*INFORMATION PROVIDED*.
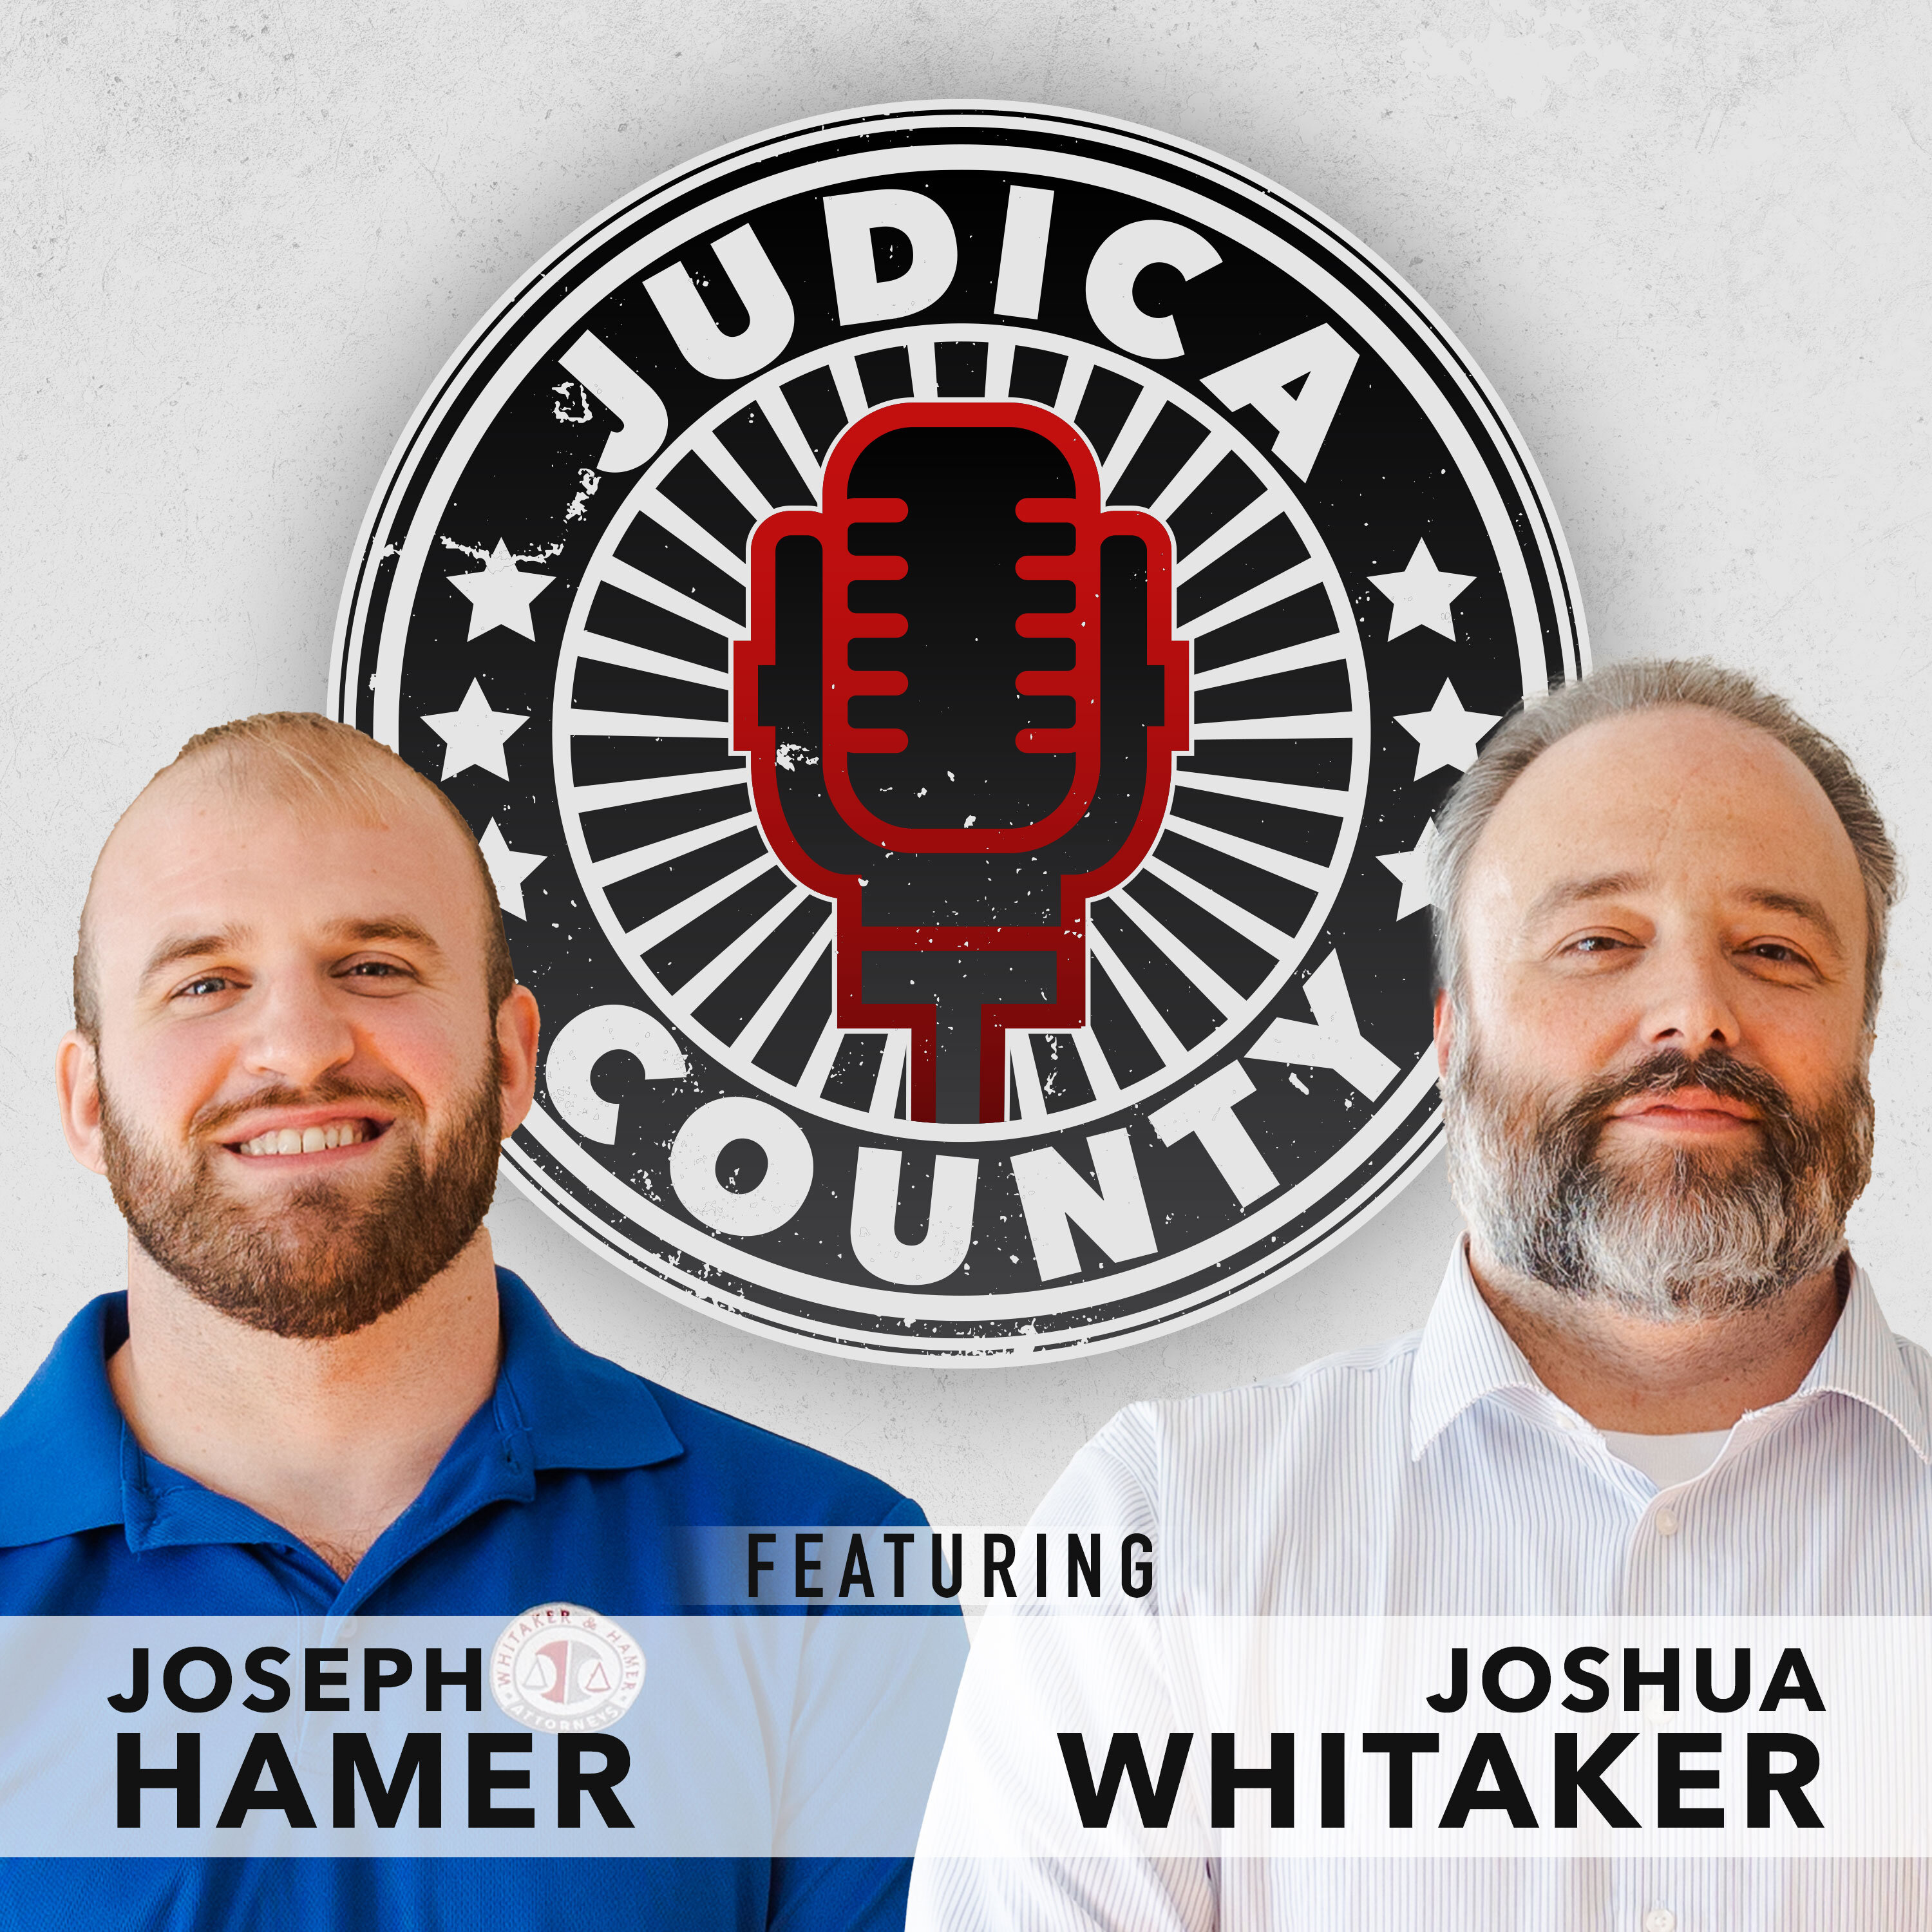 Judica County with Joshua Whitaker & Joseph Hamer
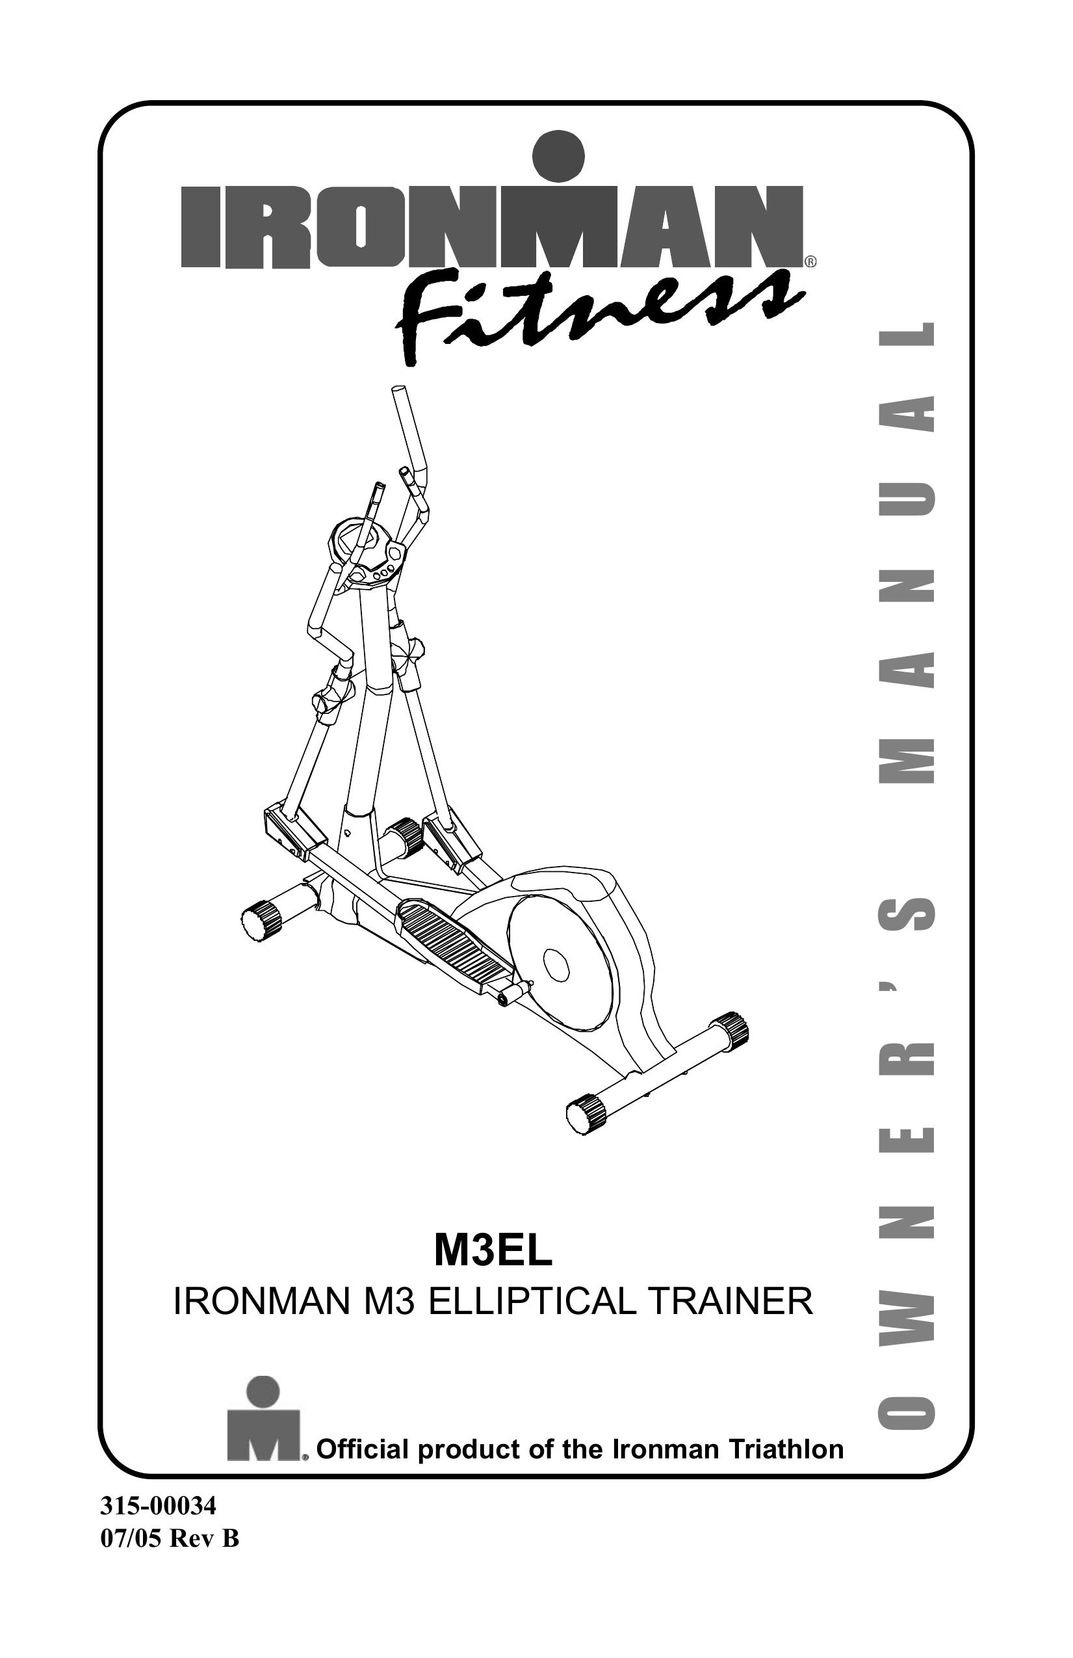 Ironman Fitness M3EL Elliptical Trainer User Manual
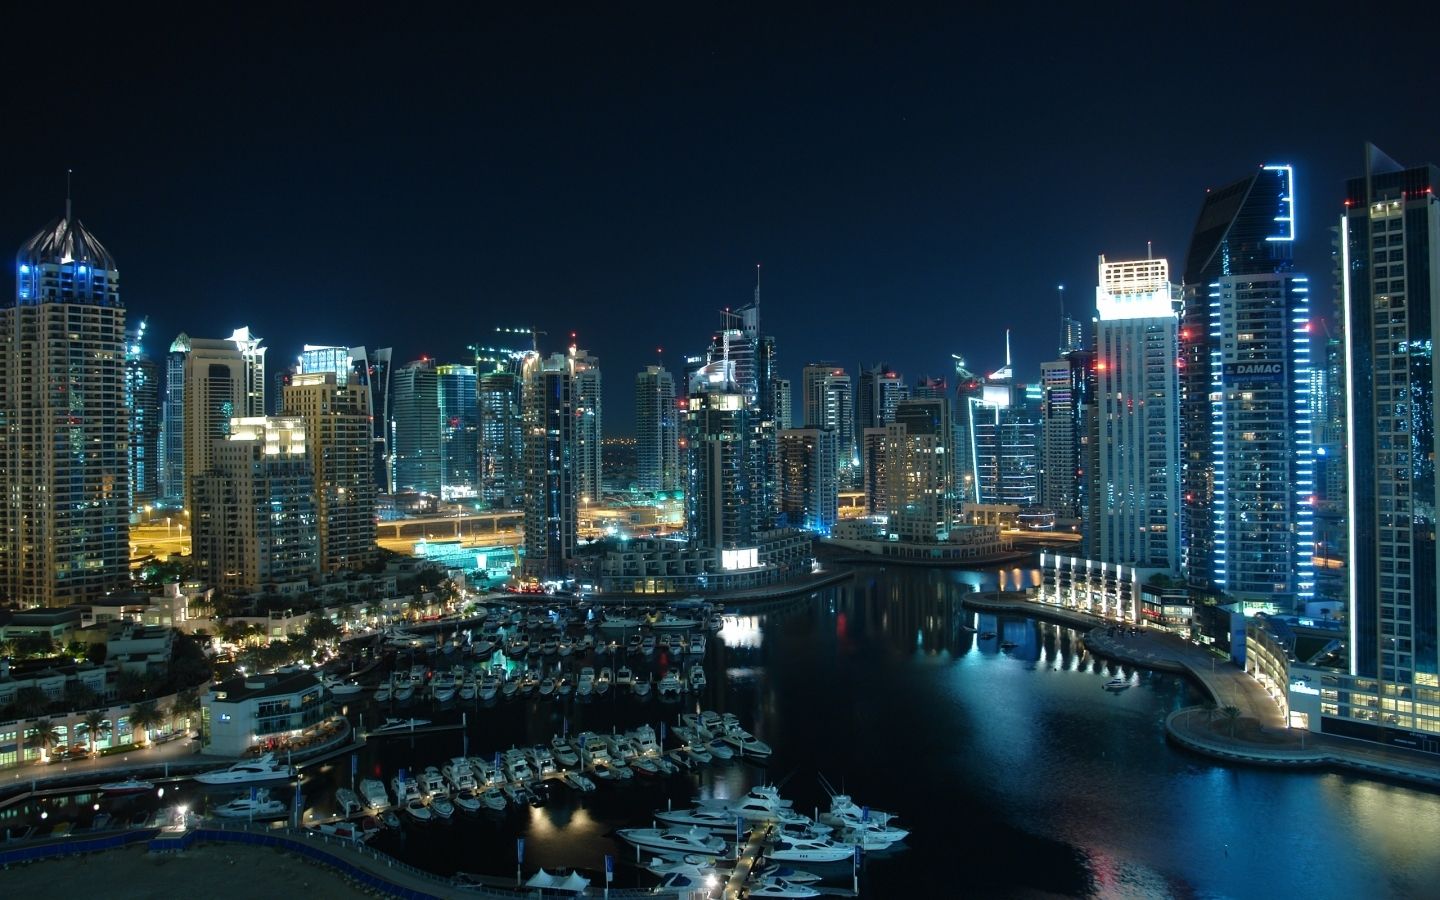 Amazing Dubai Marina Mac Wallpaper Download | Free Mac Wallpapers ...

*WHAT YOU WILL DO*.
With the pictures left out, return the listing above exactly as it stands.

*EXERCISE RESULT*.
 Judica County with Joshua Whitaker & Joseph Hamer
 Ironman Fitness M3EL Elliptical Trainer User Manual
 Amazing Dubai Marina Mac Wallpaper Download | Free Mac Wallpapers ...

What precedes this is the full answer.